Are ‘natural’ clusters necessarily less homogeneous?
Although a degradation of cluster homogeneity is implicit in our model, the degree to which this is realised is likely to be highly dependent on the structure of individual datasets. In our case study, the mis-classification rate achieved by Chameleon was half that of k-means at the cost of a 10% reduction in cluster homogeneity. We speculate that if the clusters Chameleon retrieved in our dataset are indeed irregular shapes, then our results suggest they are unlikely to be highly elongated, and variability in our data structure tends toward uneven density rather than irregular shape.
The question of whether ‘natural’ clusters necessarily have fewer diagnostic species is more difficult to resolve based on our analyses.A priori , we inclined to the notion that more heterogenous clusters would mean fewer diagnostic species, the pattern reflected in our results, however Schmidtlein et al. (2010) demonstrated that Isopam, an algorithm that adapts to irregular cluster shapes, consistently out-performed other algorithms in terms of the number of indicator species (sensu Dufrêne & Legendre 1997) and was also highly ranked in terms of the number of species with standardized phi >0.35 (Tichy ̵́ & Chytry ̵́ 2006).

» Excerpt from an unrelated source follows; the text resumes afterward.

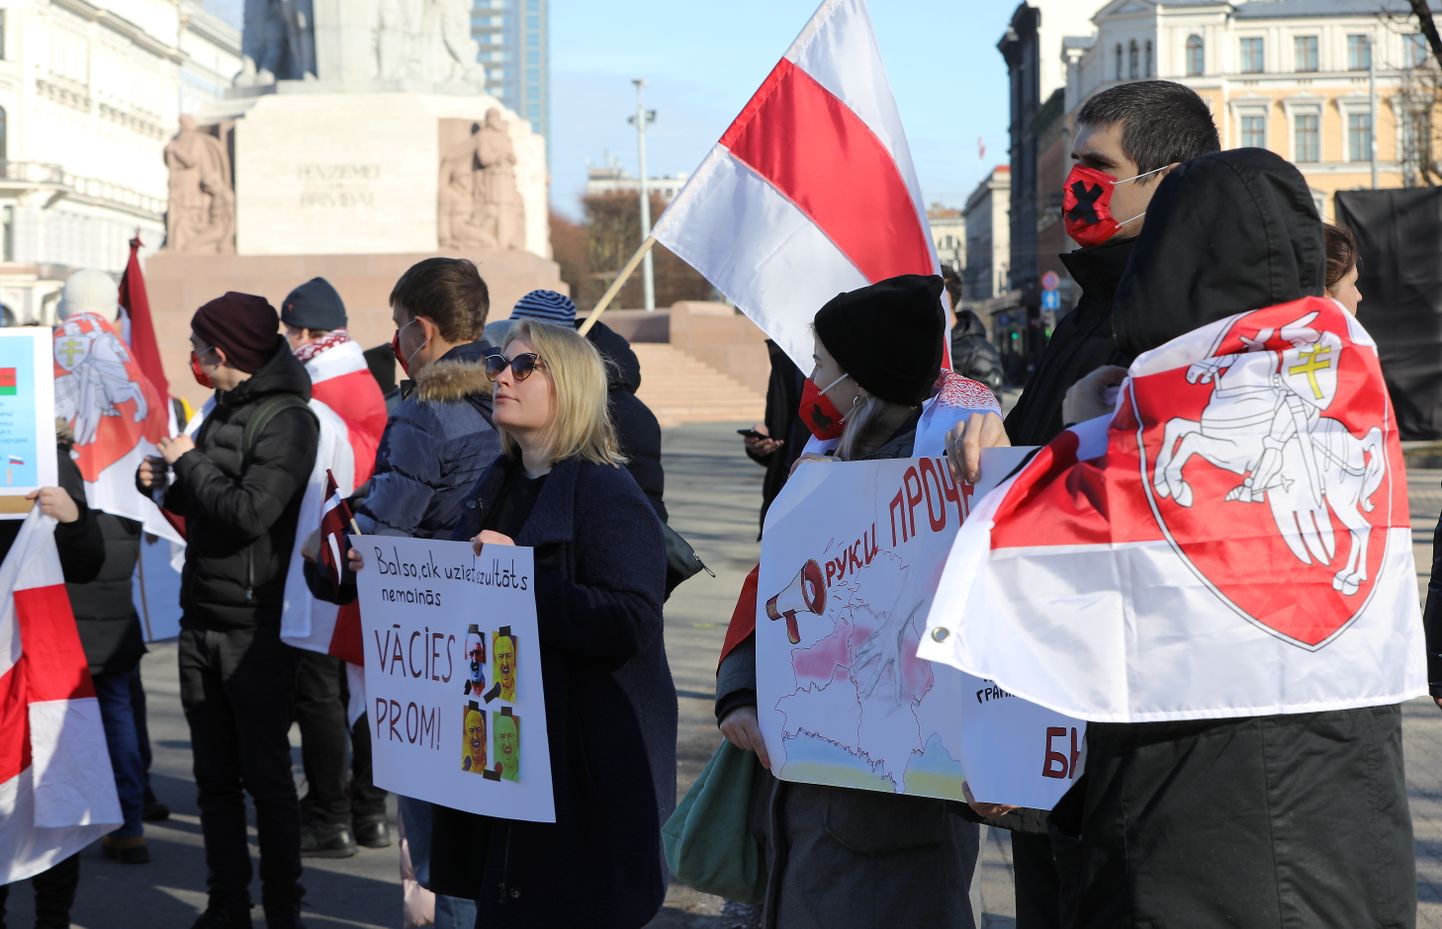 Brīvības pieminekļa laukumā notiek baltkrievu diasporas rīkotais pikets saistībā ar Baltkrievijā notiekošo referendumu par konstitūcijas grozījumiem, kuri paredz vēl vairāk nostiprināt Aleksandra Lukašenko režīmu un viņa iespējas atrasties pie varas.

Higher numbers of diagnostic species could reflect the sampling of a wider species pool, since samples sharing no species can occupy the same cluster if comprise an interconnected neighbourhood (Schmidtlein et al. 2010). However, it is not clear that higher numbers of diagnostic species is not an artefact of Isopam’s partitioning of the ordinations space by medoids, notwithstanding the fact the ordination axes are adjusted to accommodate non-linearities (and hence irregularities).
On the evidence of our results, we conclude that our original contention is supported, that cluster solution derived by algorithms sensitive to data structure are unlikely to be as compact or homogenous as those derived by optimising central tendency, although the differences may not always be pronounced, depending on the characteristics of individual datasets and thematic scale of investigation. In that case, we suggest that further research is required into metrics which give insights into how well cluster solutions model the structure of vegetation data (eg within-cluster inter-connectedness, mis-classification rates) to better understand the potential trade-offs involved in maximising homogeneity or indicator values.